God does not owe me any explanations for the length of this adoption process or the bumps along the way. He may graciously reveal some later, but now He just wants me to RELAX and let Him finish what He has begun. I do have His promise, as does everyone, that what He has begun He will complete. And not miss the blessing in the middle of the questions. Every extra day Maxim and I wait to come home is another one watch God provide for us and work through us. How I conduct my day with Maxim, how I approach the wait outwardly, how I express Biblical principles to the best of my understanding through words and actions, are all being watched by more people than I would have thought. This is truly a place where there are indeed faithful believers, but they are surrounded by a nation who for the most part has no concept at all of a real God at all, let alone One Who desires to relate to and lead them personally.
No concept of that at all. I have not encountered that before. Its one thing to live in a society where the idea of a real God is at least still floating around if not embraced by all. It is very sobering to be in a place where so many have had the concept completely erased from their realm of thinking. At least the time I spend with others here can be used as potential seed in a few minds. Not to my credit. Only God's.

Igor will be going back to the passport office in Kherson on the 8th of January. They have told him it will likely be ready that day and should be to me by the morning of the 9th. May it be so. I believe it is truly likely since our friends the McGowans already received theirs and are now settling back at home in the States (Martita, hope you are all recovering well from the journey and His peace is with you in all the adjustments; congratulations on the completion of adding your new son). On Monday the 5th, I will make a second visit to the U.S. Embassy to turn in more papers I have ready. It means paying a driver multiple times but in the end it will be worth it because when the passport comes, I will only need to spend about an hour at the Embassy to turn in the passport and Maxim's medical report from the doctor he will see here in Kiev. If the passport does indeed arrive in my hands on Friday the 9th, I will not want to waste any time filling out forms I can be taking care of now. I am going to be in "get this done and get on a plane" mode. God knows and He is already walking ahead of us.

So tonight, as we are into another Sabbath in Ukraine, I can rest knowing I am still in the hands of the Father and He has EVERYTHING under control. I will put our chocolate-loving, wiggly, ever-observant, stubborn, humorous little boy to bed and then myself, and see what tomorrow holds. Blessing and delight for sure, because it is His day.

Hello to new and old friends who have stopped at the blog for the first time. Shelly, I hope we can do some serious catching up. Blessings on your long awaited house full. I am thrilled for you.

4 comments:

Dean and Heidi said...

Hi Jenna,

Hang in there. This phase is nearly done. You and Daniel have done a great job up to now.

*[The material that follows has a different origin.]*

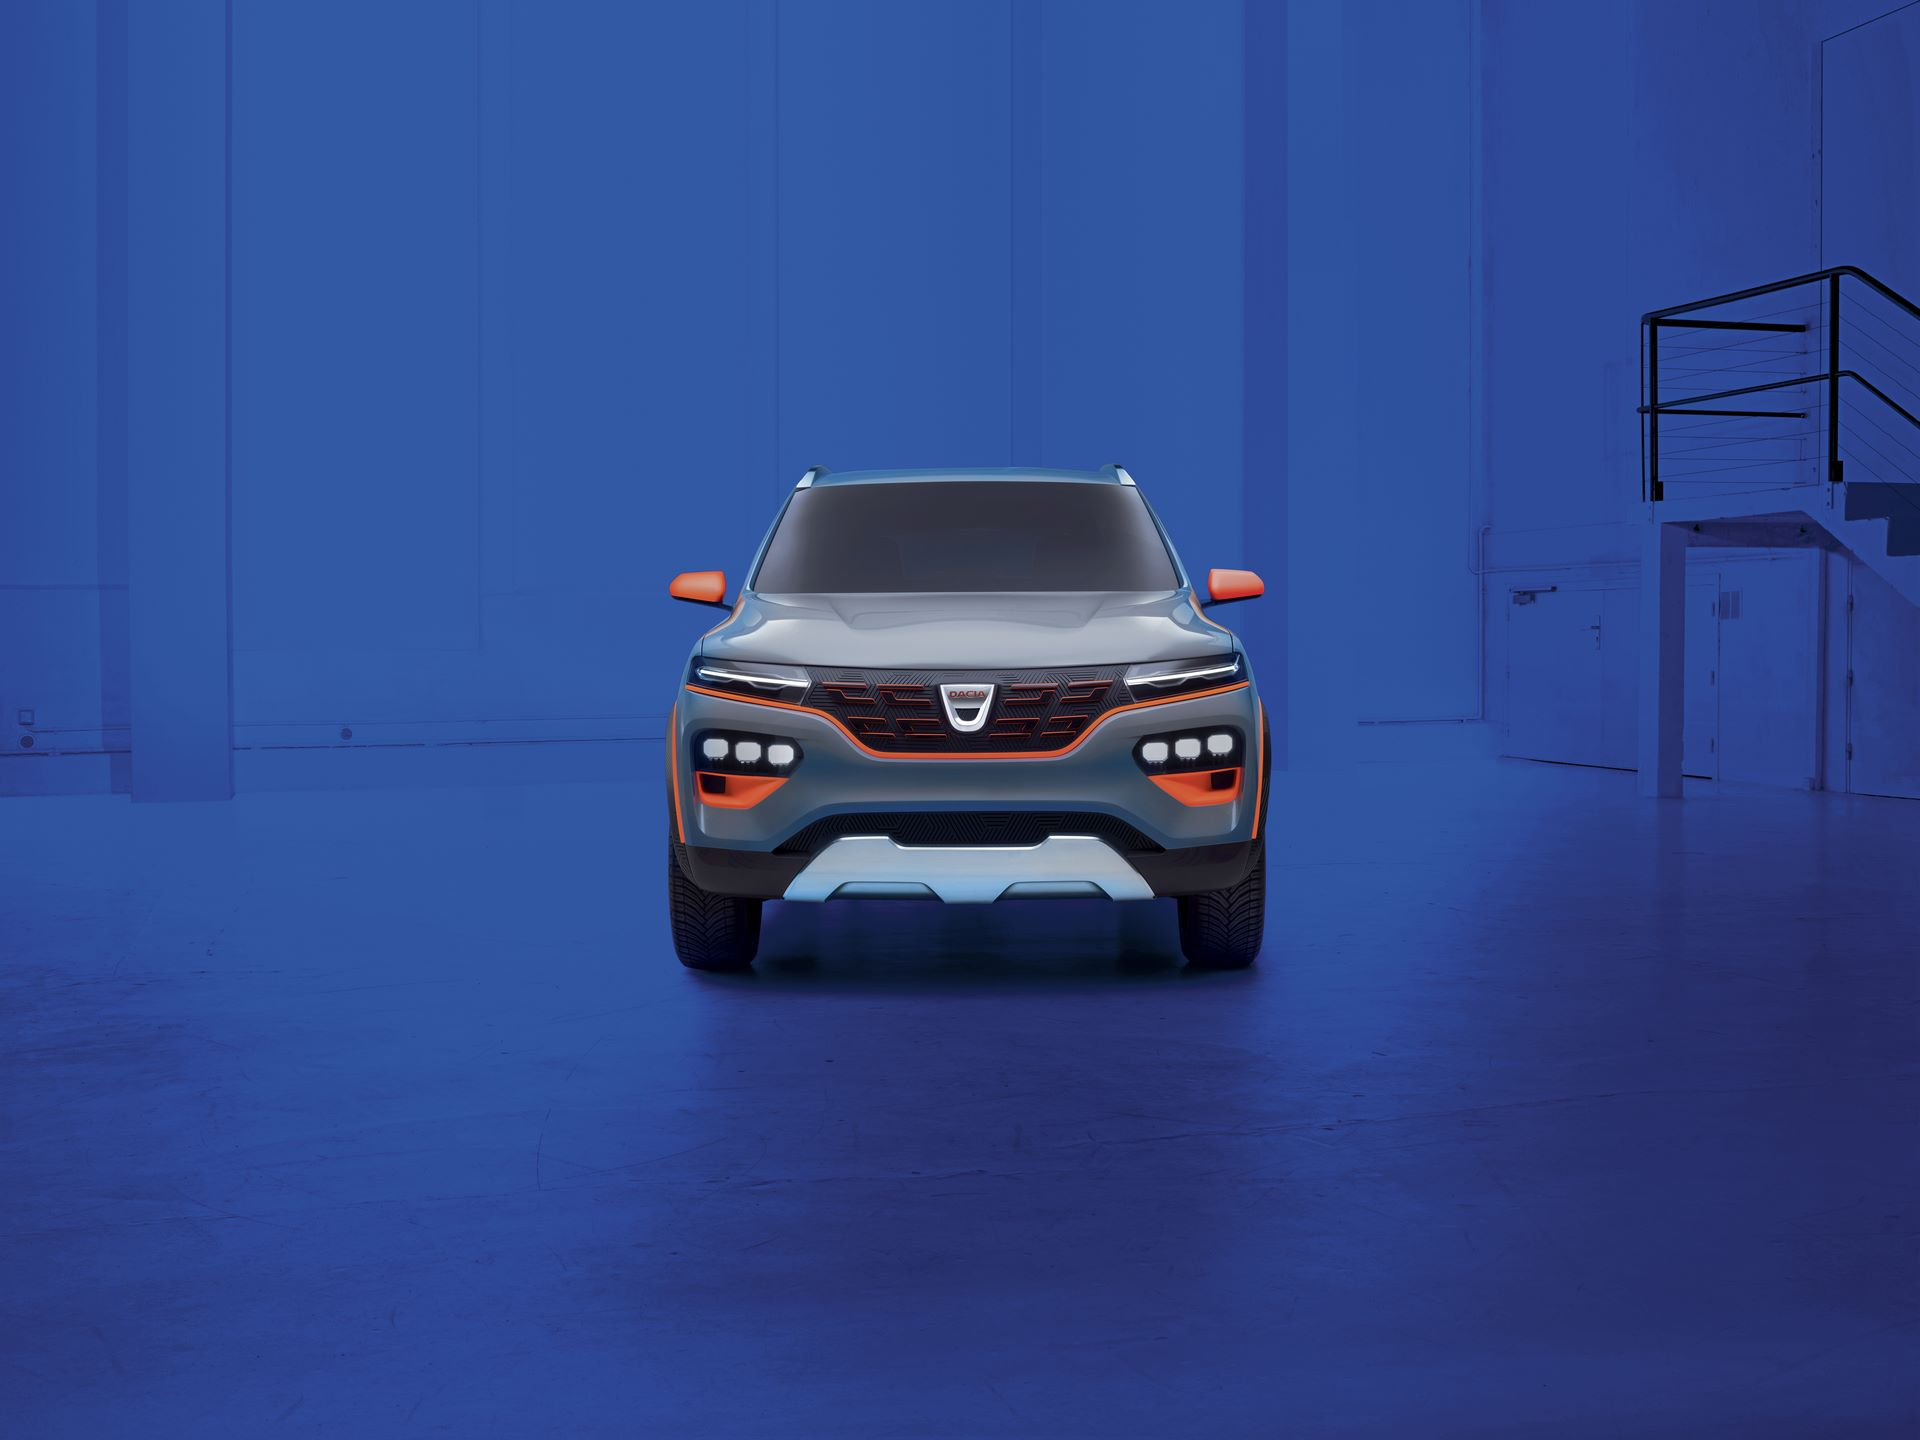 Dacia-Spring-Electric-concept-7
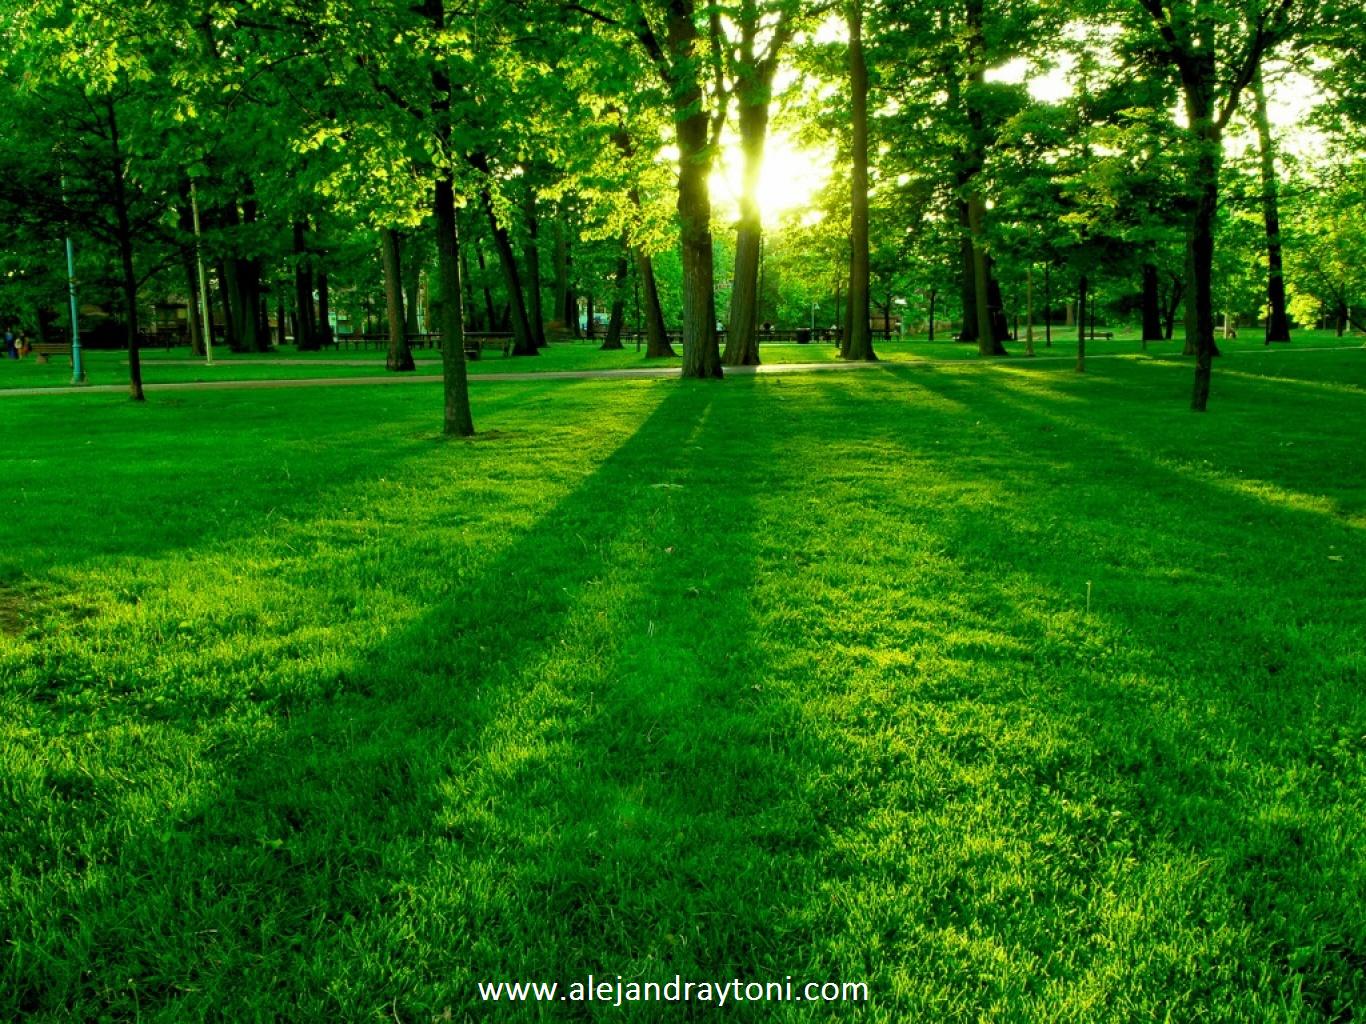 La pradera hace que mi alma se llene de paz, una paz intensa y profunda como el hermoso mar...

Look forward to the new journey once you get home. You guys have three terrific kids already - you've done such a marvelous job so far. There is no doubt that the transition of grafting Maxim into your family will be blessed.

Heidi

Anonymous said...

Blessings on another Sabbath Day. May it be a special one for the two of you -- there will never be another like it! Thank for 'blogging' your thoughts. So much I long to understand about being a branch on the vine. . .

Jan S.

ArtworkByRuth said...

So sorry to hear the delay is even longer! We still are praying for you! We are gearing up and packing to come to Ukraine email me anything you think we might need out of the usual! THANKS!
May God to Bless your time!

Tami said...

I'm so glad you're able to find His peace in your situation. Its so hard to do when you're in the midst of your situation. Even though you may not feel like it, you're handling all of this with grace. It's a great example to other believers who will be following in your shoes.